# R.I.P. Peter Boyle



## HibLaGrande (Sep 25, 2005)

Man this really sucks! I was just thinking about him yesterday for some odd reason too. Normaly It does not bother me too much when a celeb dies, but this time it really sucks. 

Well good bye Peter, and thanks for all the laughs.


----------



## Anachronism (Apr 22, 2004)

Yeah, I just read about this. Sad news 

He was great in Young Frankenstein and his role as Carl Lazlo in Where the Buffalo Roam

http://www.imdb.com/name/nm0001967/

http://www.imdb.com/title/tt0081748/

http://www.imdb.com/title/tt0072431/


----------



## Vlad (Aug 2, 2005)

Very sad indeed, he just kept on getting better as well.


----------



## Hauntiholik (May 17, 2006)

A very sad day! I loved him in Young Frankenstein.

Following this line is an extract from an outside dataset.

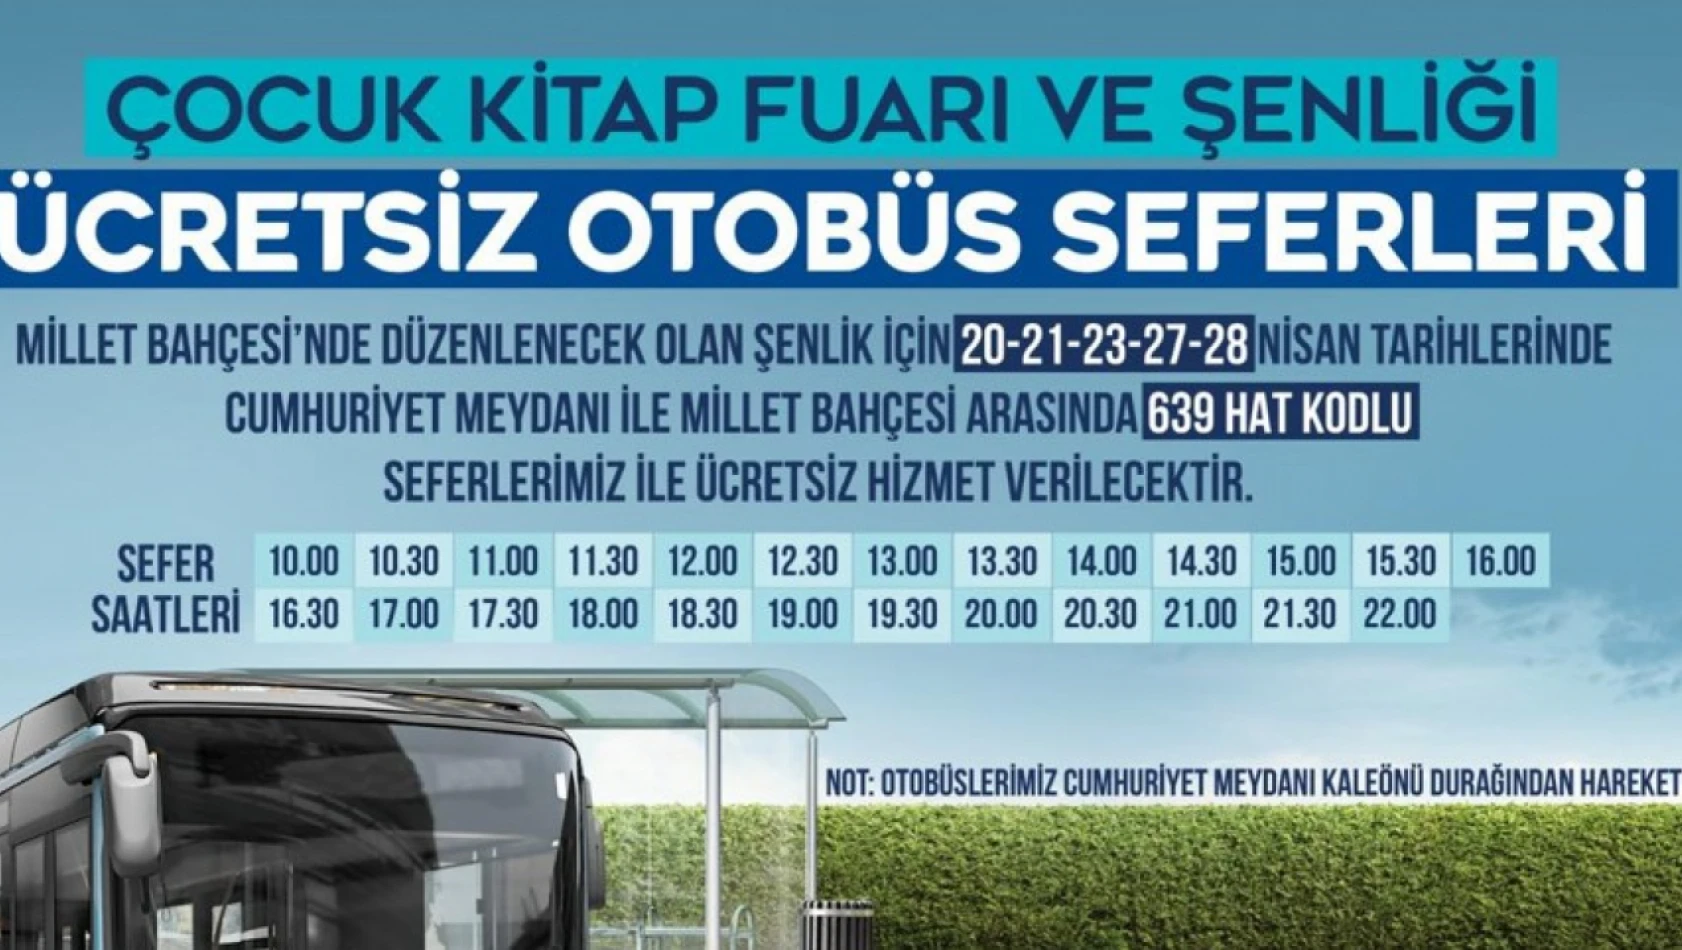 Kayseri Büyükşehir Belediyesi ücretsiz otobüs seferleri düzenleyecek

"For as long as I can remember people have hated me. They looked at my face and my body and they ran away in horror. In my loneliness I decided that if I could not inspire love, which is my deepest hope, I would instead cause fear. I live because this poor half-crazed genius, has given me life. He alone held an image of me as something beautiful and then, when it would have been easy enough to stay out of danger, he used his own body as a guinea pig to give me a calmer brain and a somewhat more sophisticated way of expressing myself."


----------



## Pete (Apr 13, 2004)

"I'm standin' here with my DORK in my hand!"

Rest in peace, Mr. Boyle.


----------



## Sinister (Apr 18, 2004)

RIP Peter Boyle. You will be missed.


----------



## Death's Door (Mar 22, 2006)

One great guy. Rest in peace.


----------



## Johnny Thunder (Feb 24, 2006)

I just re-watched the Puttin on the Ritz clip. RIP


----------



## palerider44magg (Jul 11, 2006)

seam just not enuff to just say rest in peace to a man the world so enjoyed
he will be missed .............R.I.P..............


----------



## Dreadnight (Jul 9, 2006)

I'm a huge X-files fan (go figure), and one of the best episodes they EVER did was the one PB was in. He won an Emmy for it.


----------